BRIEF:
Reproduce the listing below exactly, except for its pictures.

SUPPLIED MATERIAL:

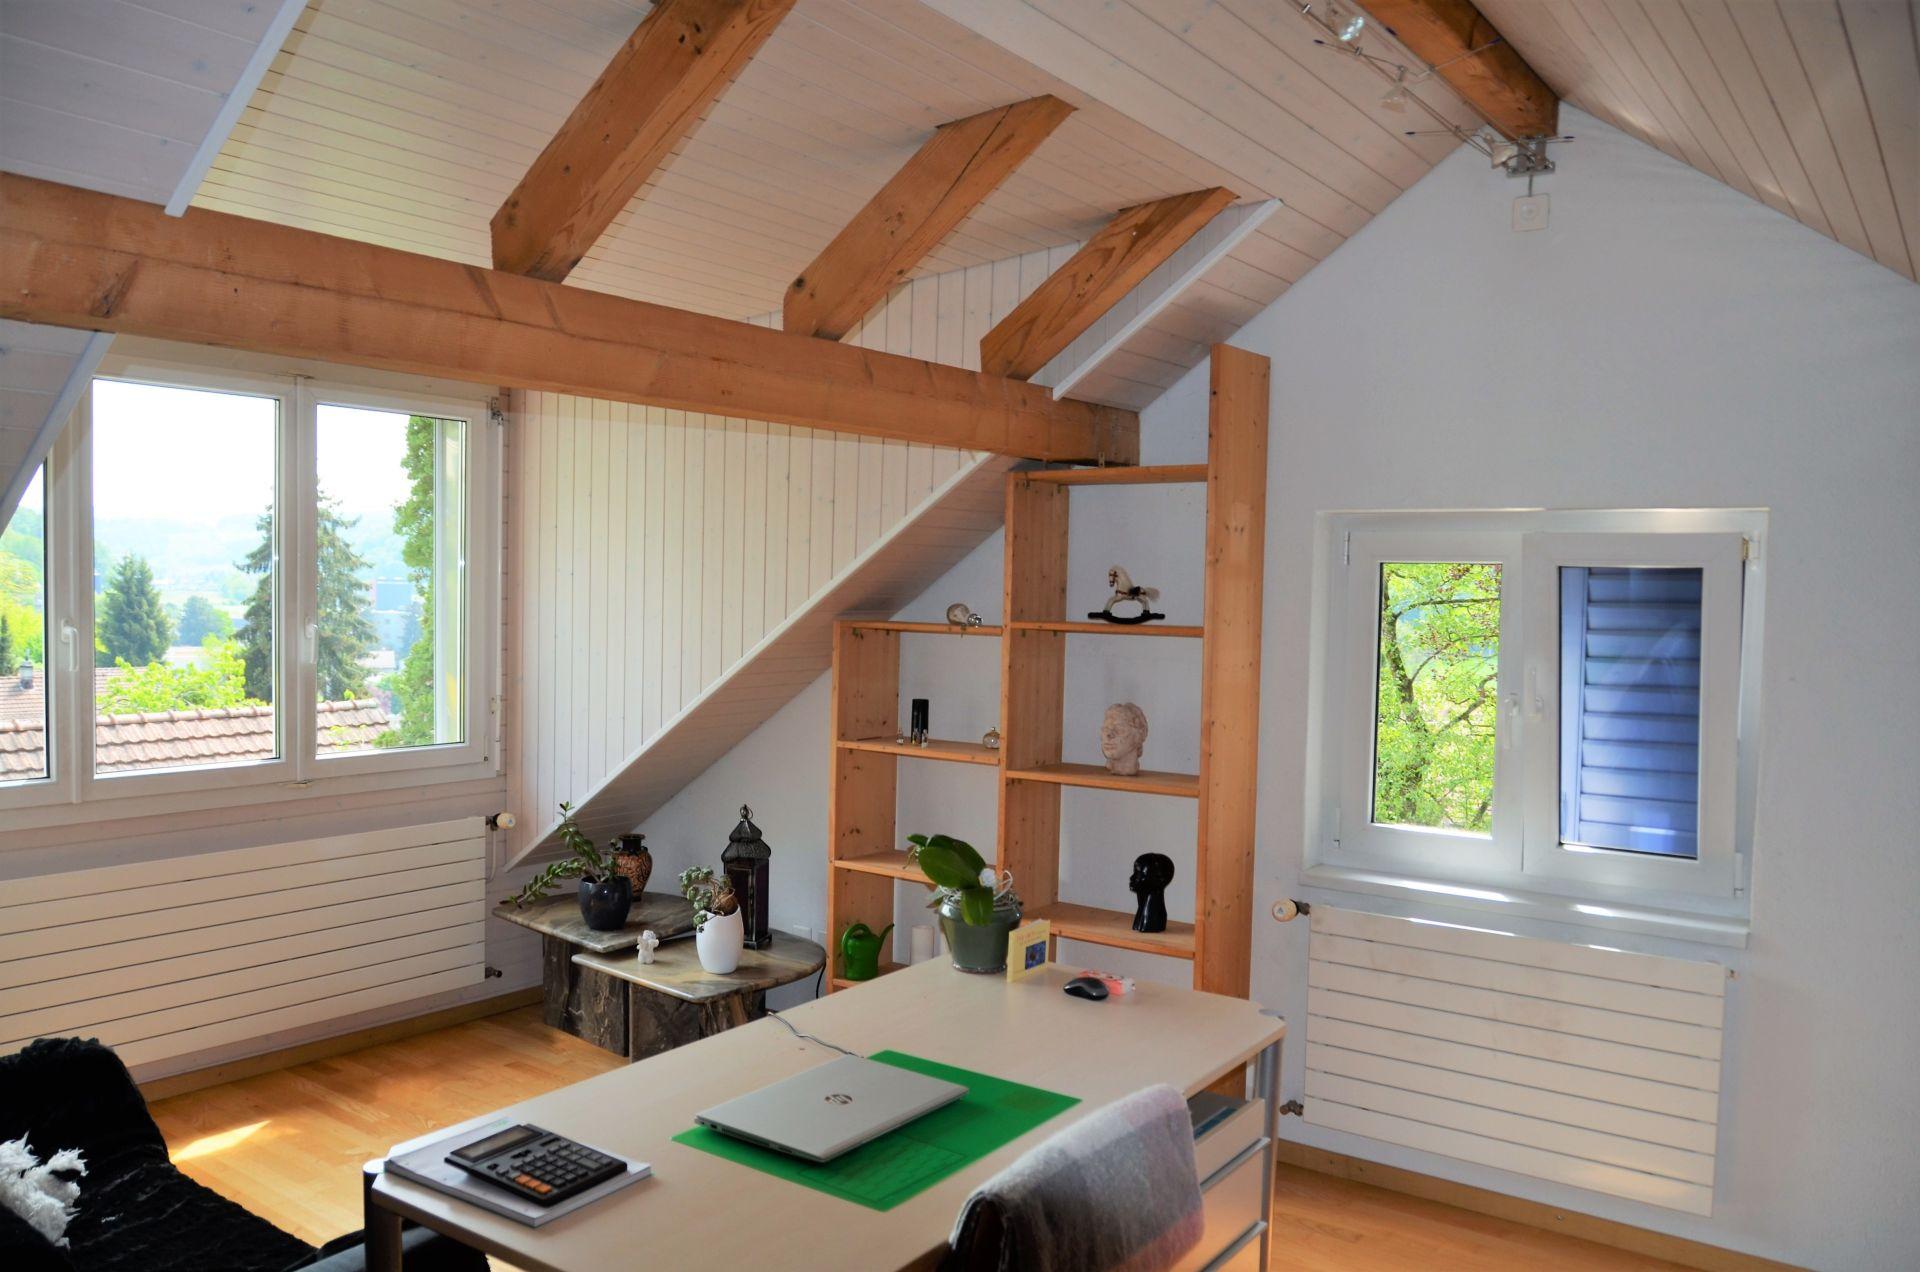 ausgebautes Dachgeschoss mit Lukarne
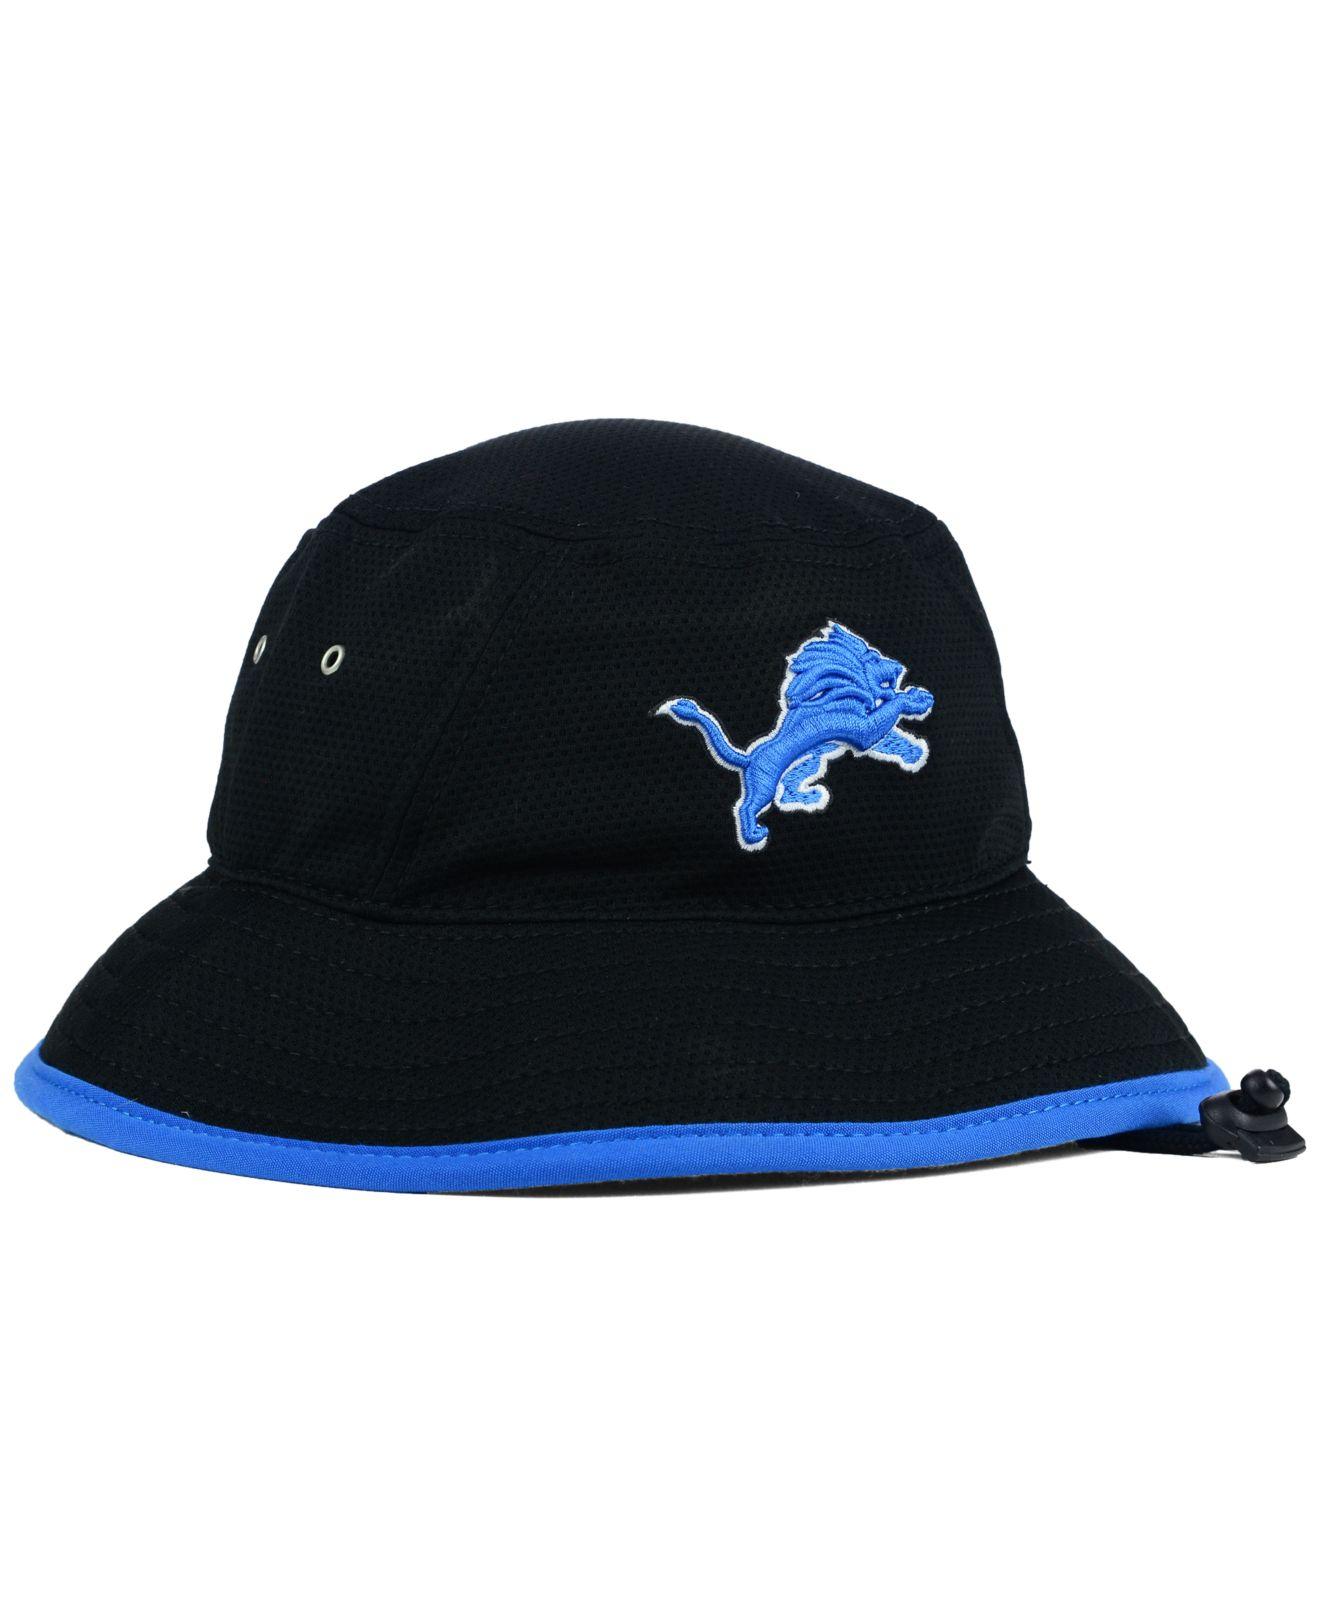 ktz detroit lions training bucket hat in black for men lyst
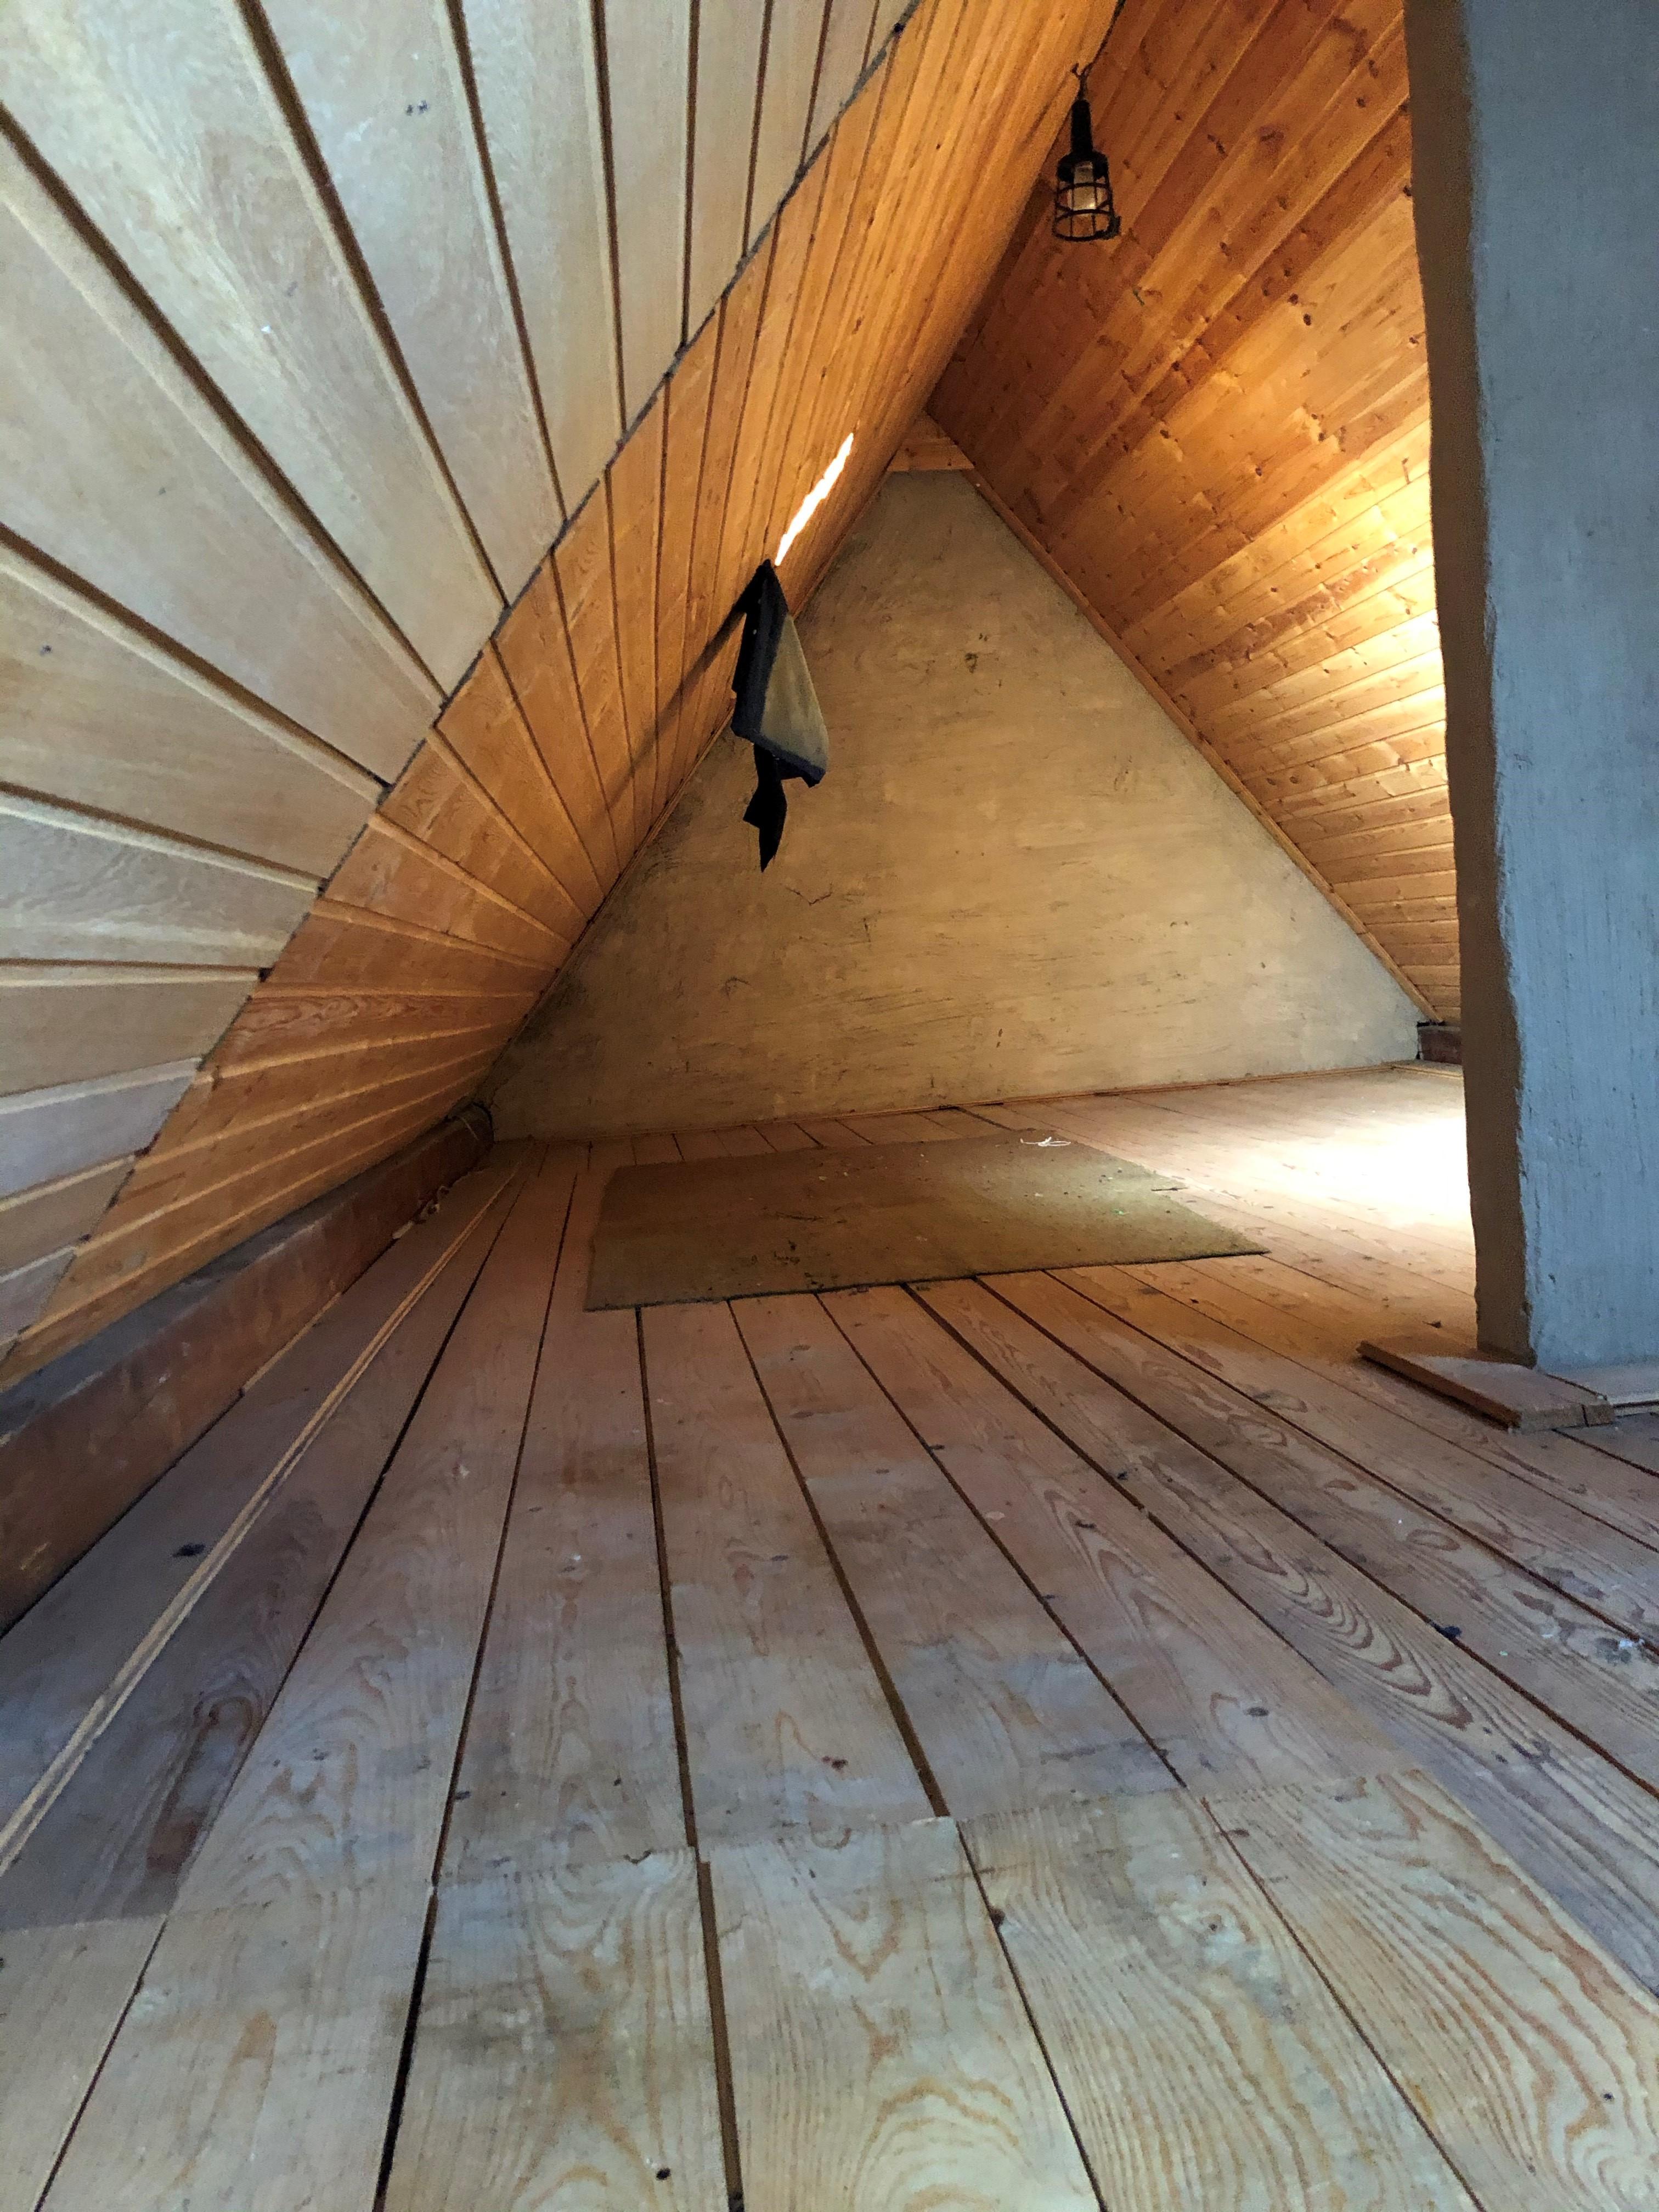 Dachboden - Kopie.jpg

WRITTEN RESPONSE:
 ausgebautes Dachgeschoss mit Lukarne
 ktz detroit lions training bucket hat in black for men lyst
 Dachboden - Kopie.jpg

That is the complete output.